Все было бы хорошо, если бы и хозяев и гостей все больше не охватывало состояние тревоги, сначала вызванное скупыми рассказами Федора. Не желая расстраивать родичей, Федор долго молчал, но однажды вечером, когда все собрались вокруг угасающего костра, в котором братья Ставровы, вспоминая детство, пекли картофель, он не выдержал и хмуро обронил:
— Между прочим, на границе не очень спокойно.
— А что? — спросил Максим.
— Немцы явно к чему-то готовятся, — сказал Федор, — есть данные, что они стали снимать вдоль границы проволочные заграждения. Отпуска у нас категорически запрещены. Я и к вам не приехал бы, если бы не лежание в госпитале с проклятым воспалением легких. Перед тем как лечь в госпиталь, я разговаривал с тремя поляками-перебежчиками, они в один голос утверждают, что в ближайшее время немцы нападут на нас. Сейчас на нашей границе сосредоточено очень много немецких войск, тысячи танков.
Гоша Махонин, который считал себя тонким политиком, регулярно слушал радио и читал газеты, возразил:
— Ерунда!
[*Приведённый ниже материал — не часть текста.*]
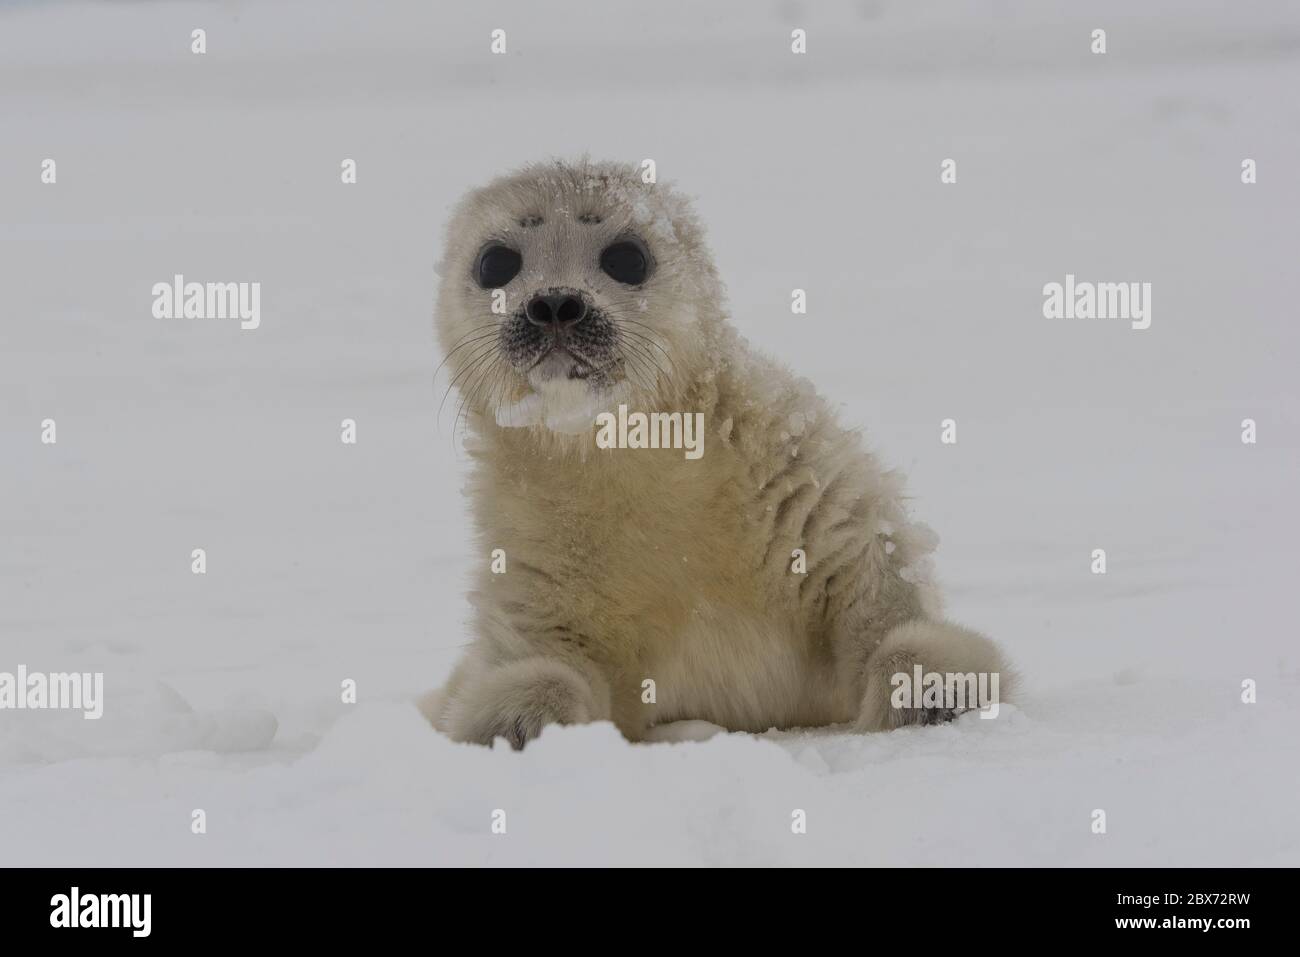 Eine kleine Robbe an dem Eisloch, ihrer Geburtsstelle. Das Tier ist ohne Scheu und sieht neugierig nach dem Fotografen und dem Hundeschlitten in der N Stock Photo

Возней на советской границе Гитлер ловко маскирует вторжение в Англию, которое он готовит.
Помешивая палкой догорающий костер, Федор опять заговорил о своих опасениях:
— Не надо утешать себя. По всему видно, что на границе жареным пахнет. Война у нас на пороге. Жаль только, что не всё мы доделали, только начали перестраиваться и по-настоящему вооружаться. Судя по тому, как немцы действовали в Польше и во Франции и что они там натворили, война не будет легкой.
— Хватит тебе каркать! — оборвал Федора угрюмо молчавший Дмитрий Данилович. — У страха, говорят, глаза велики. Ешьте лучше картошку да ложитесь спать…
Дни шли своим чередом. Хотя разговор у вечернего костра встревожил всех не на шутку, успокоило Ставровых сообщение ТАСС, опубликованное в газетах. Рано утром, получив почту, Дмитрий Данилович пришел в парк и, собрав мужчин, сказал насмешливо:
— Ну, политики, читайте, что пишут газеты, и приводите ваши нервы в порядок, а то у вас уже, как я вижу, душа в пятки ушла!
В сообщении говорилось:
«Германия так же неуклонно соблюдает условия советско-германского пакта о ненападении, как и Советский Союз… Слухи о намерении Германии порвать пакт и предпринять нападение на СССР лишены всякой почвы, а происходящая в последнее время переброска германских войск, освободившихся от операций на Балканах, в восточные и северо-восточные районы Германии связана, надо полагать, с другими мотивами, не имеющими касательства к советско-германским отношениям».
— Вот вам и ответ на все ваши вопросы, — авторитетно заключил Гоша.
Обрадовало Андрея и письмо из Дятловской. Его давно беспокоило появление прожорливой тли в молодом совхозном саду. Перед отъездом в Огнищанку он кое-где обнаружил и листовертку, бороться с которой было очень трудно. Гусеницы листовертки ловко окутывают себя свернутым в трубку листом и прячутся в этом похожем на маленькую сигару убежище так, что до них не доберешься. Уезжая из Дятловской, Андрей просил написать о саде Наташу Татаринову, которая по окончании школы изменила своей мечте о медицине и стала студенткой-заочницей сельскохозяйственного института. «Хочу стать садоводом», — сказала она матери.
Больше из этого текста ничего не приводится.